Se lo è chiesto anche Frigoproduzioni, giovane compagnia che negli ultimi tempi si è fatta notare per una certa innovazione del linguaggio e una coerenza delle idee. SocialMente, spettacolo d’esordio debuttato nella sua forma completa nel 2015, ha convinto e divertito critica e spettatori.
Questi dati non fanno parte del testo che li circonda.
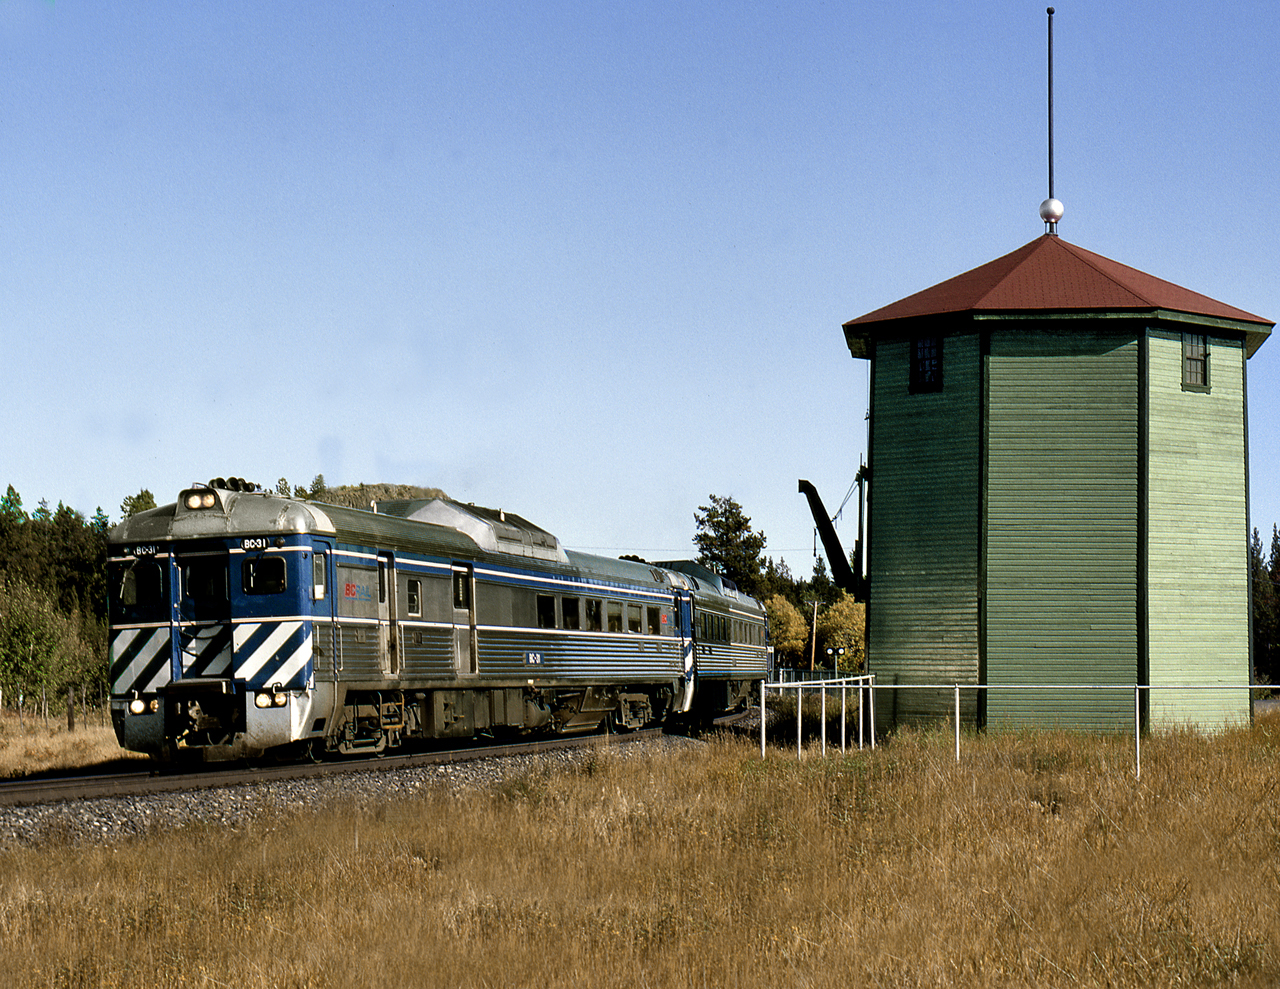 BCOL southbound train 2 passes the preserved water tank at Lone Butte in B.C.'s Cariboo district

I due attori (e ideatori) Francesco Alberici e Claudia Marsicano, passando da un televisore a un frigorifero con la f di facebook, hanno scattato una fotografia della generazione dei social network, tra alienazione e nonsense, restituendo al pubblico le assurdità del contemporaneo 2.0. Una drammaturgia ridotta al minimo e una capacità espressiva che passa attraverso la sintesi – fatta di silenzi, di dialoghi alla deriva del cinismo, monosillabi, ritmi rallentati, sguardi inebetiti e talenti repressi – componevano una grammatica capace di restituire con immediatezza una dimensione catatonica cinicamente reale.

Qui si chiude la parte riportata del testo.